Озабочивали Федора Петровича и юридические нужды пересылаемых. Он, как известно, несколько раз предпринимал походы против бездушия тогдашних законов, относившихся к условиям препровождения ссыльных (наручи, бритье головы) и к порядку осуществления права помещиков ссылать в Сибирь своих крепостных (ст. 315 и 322 т. XIV Уст. о пресеч. и предупрежд. ,изд 1832 г.) Два первых похода увенчались блестящим успехом: в 1836 оду году по Высочайшему повелению, вызванному представлениями Гааза, наручни (гайки) у цепей всюду стали обшиваться кожей и перестали отмороживать руки арестантов; в 1846 году возмущавшее его поголовное бритье головы отменено для арестантов, не лишенных всех прав состояния.
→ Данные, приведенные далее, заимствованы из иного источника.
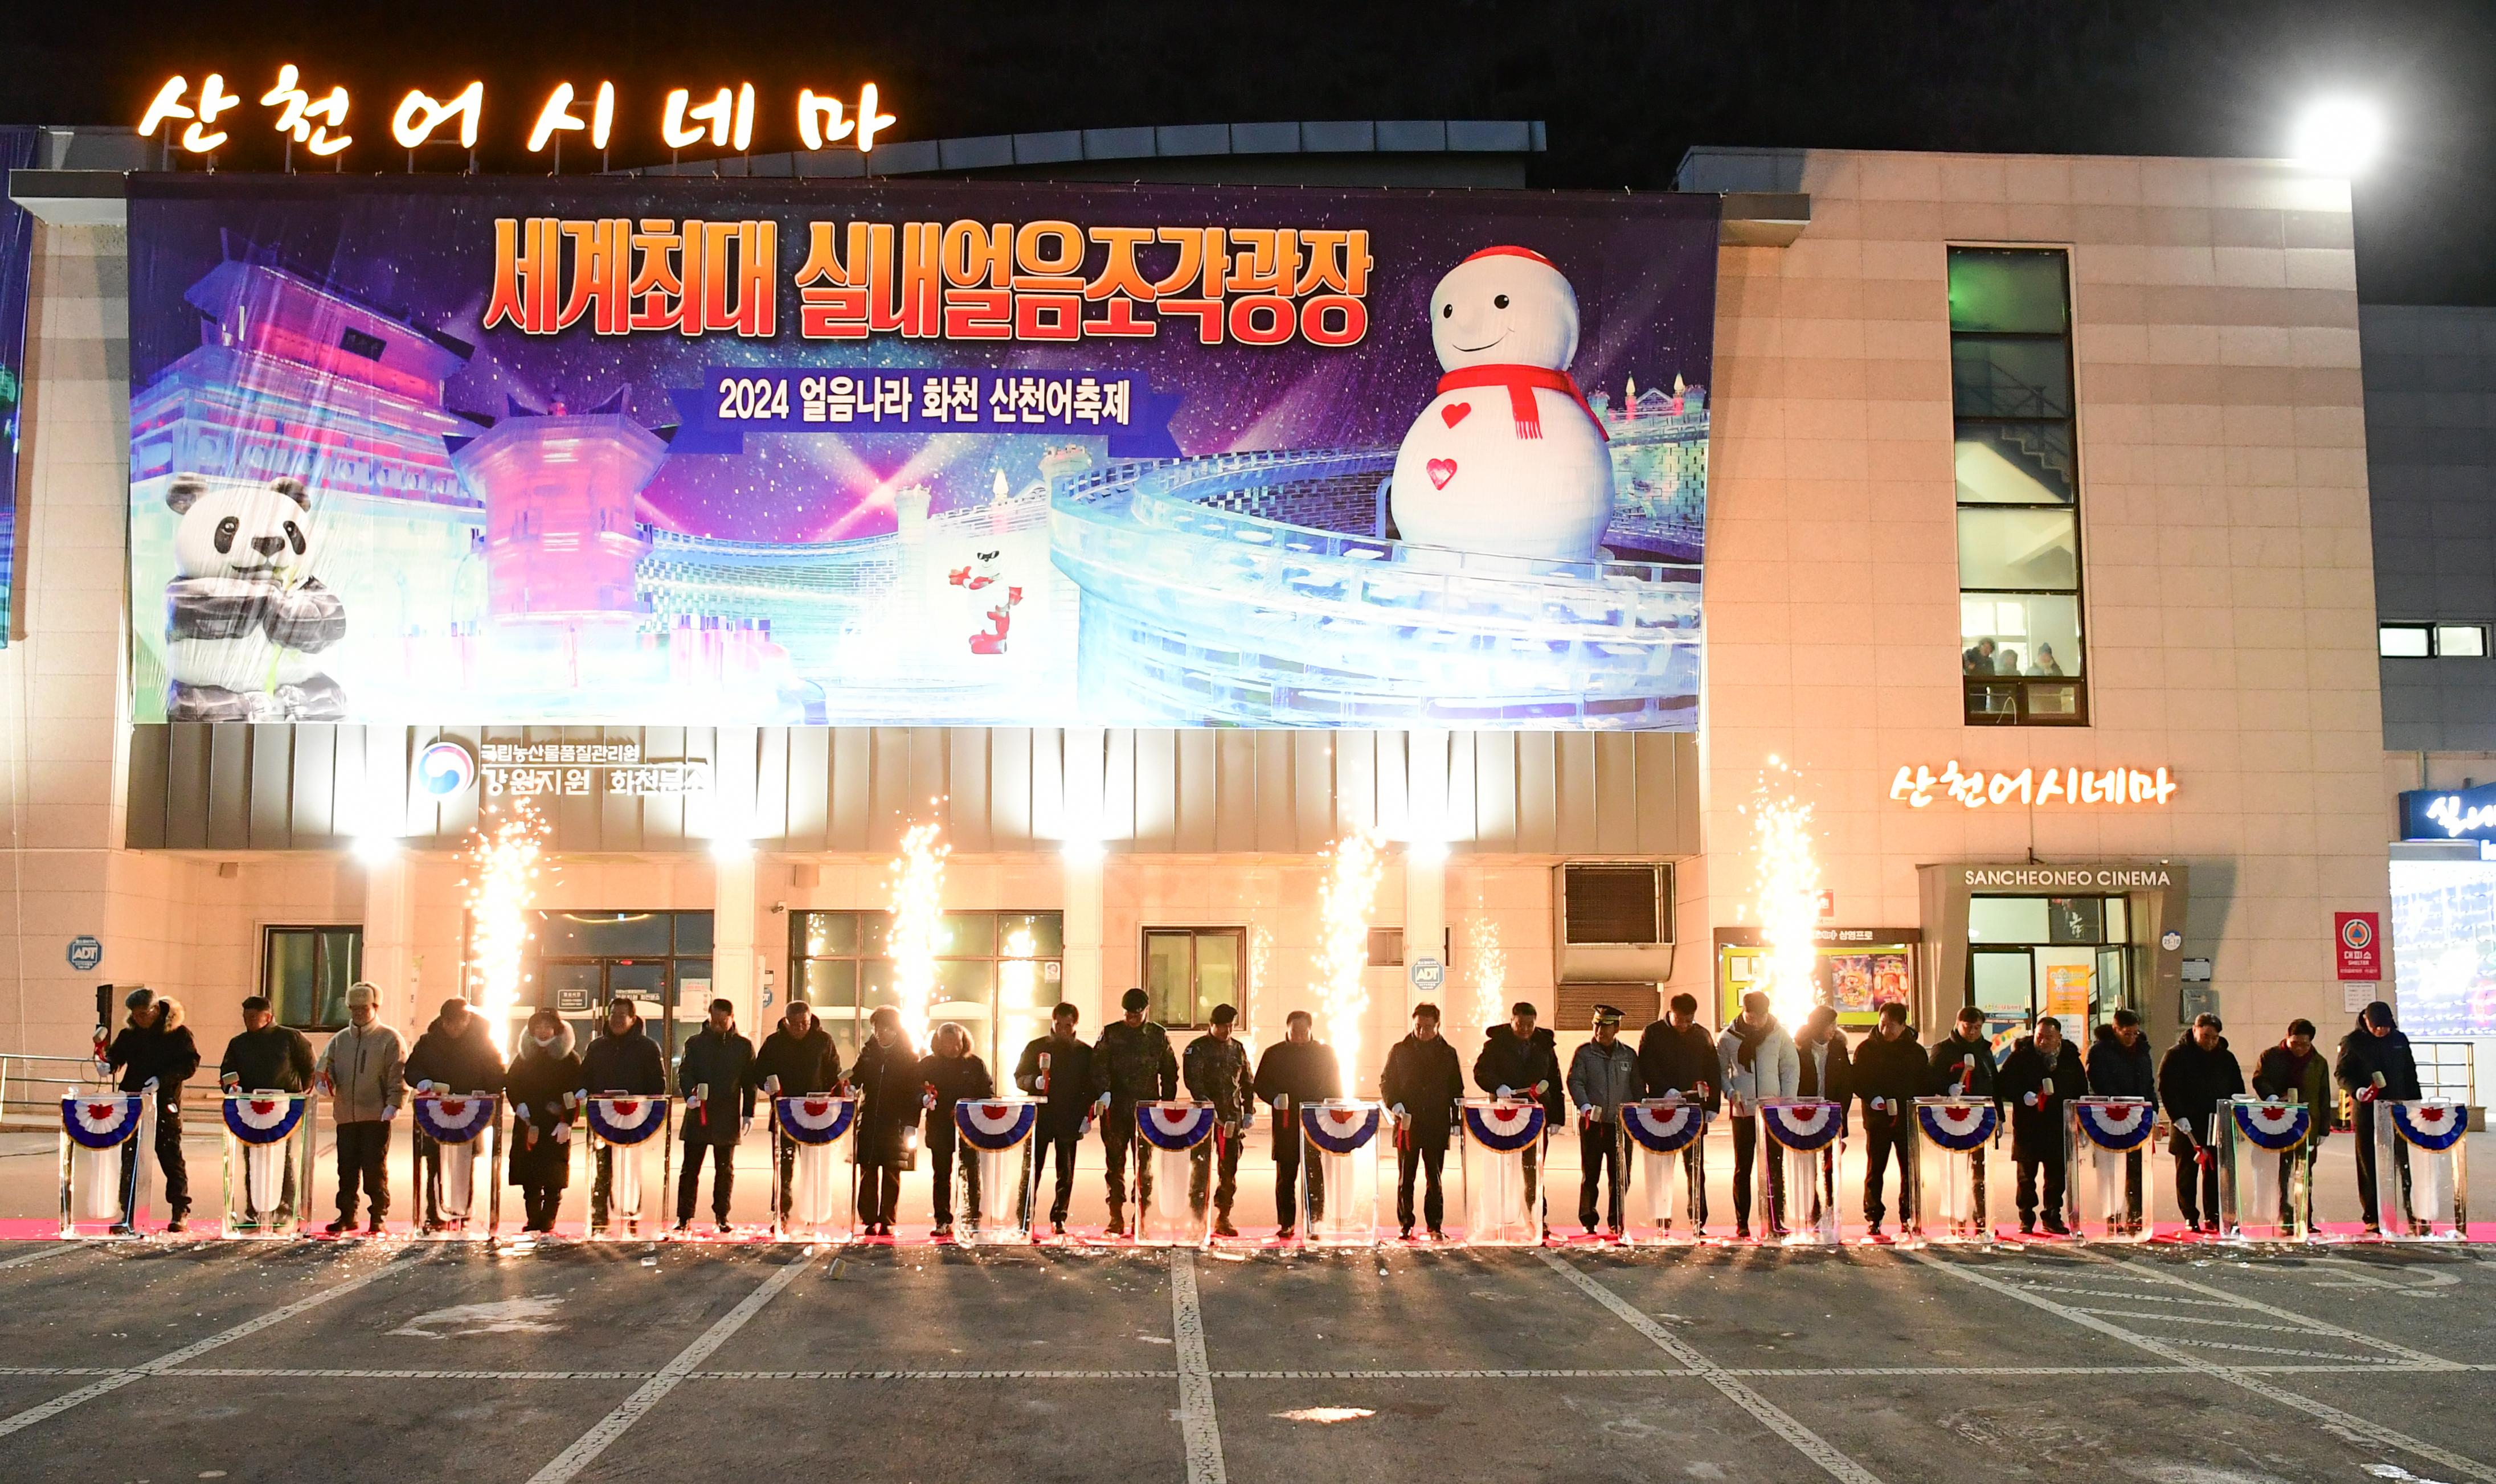 2023 세계최대 실내얼음조각광장 타빙식 사진

Третий поход, имевший целью дать возможность помещику одуматься и отменить принятую в гневе и раздражении меру даже и тогда, когда сосланный по его желанию уже идет по сибирским этапам, окончился неудачей и признанием, что для крепостного человека со времен определения губернского правления - alea jacta est.4

Четвертый поход Гааз предпринял, как видно из дел, хранящихся в архиве министерства юстиции, в начале тридцатых годов, очевидно пораженный жестокостью и нелогичностью тогдашнего закона о воспрещении жалоб на решения уголовных палат со стороны присужденный к лишению всех прав состояния до исполнения над ними приговора и прибытия в Сибирь. 6 сентября 1832 года, заявляя Тюремному комитету, что слова Высочайше утвержденного, в 1828 году мнения государственного совета о разрешении жаловаться сенату на приговоры уголовных палат лишь тогда, когда приносящие жалобу уже отправлены «в присужденное им место», толкуются московским губернским правлением в смысле прибытия их в ссылку, - Гааз, не без мрачного юмора писал: «если думать, что ссыльные, после совершенного уже над ними телесного наказания и самого отправления их в Сибирь, на дороге туда не могут еще воспользоваться правом жалобы, но что должны ожидать последнего совершения их участи по прибытии в Сибирь – то для многих из них и не предвидится конца такого времени, ибо если московское губернское правление полагает, что совершение наказание над каким-либо ссыльным окончится с доставлением его, например, в Тобольск, то в Тобольске той же мыслью ему могут, например, сказать, что термин сей окончится в Нерчинке, куда он назначается в работы, а там скажут, что в работы он осужден срочно, например, на 15 лет, и что во все сии годы наказание над ним продолжается, а не совершено еще; есть однако осужденные в работу на всю жизнь – следственно тем и невозможно было бы воспользоваться предоставленным правом жалобы никогда». Поэтому ссылаясь на свои надежды, что пересыльные арестанты, вступившие в Москву, не будут выходить из нее с такими обещаниями, какие им говорят в других местах: «идите дальше, там можете просить!», Гааз просил комитет ходатайствовать о разъяснении закона 1828 года хотя бы в том смысле, что право принесения жалобы начинается для осужденного со времени поступления его в ведение тобольского приказа о ссыльных. «Все места заключения, - пояснял он, - где содержатся назначаемые в ссылку в Сибирь, суть, так сказать, казармы, подведомственные тобольскому приказу, и, следственно, кажется справедливым, что в каждом губернском городе, где ссыльные проходят, они вправе воспользоваться дозволением подавать прошения на решения, их осудившие, в Правительствующий Сенат, и не справедливо ли прибавить к сему – наипаче в Москве?»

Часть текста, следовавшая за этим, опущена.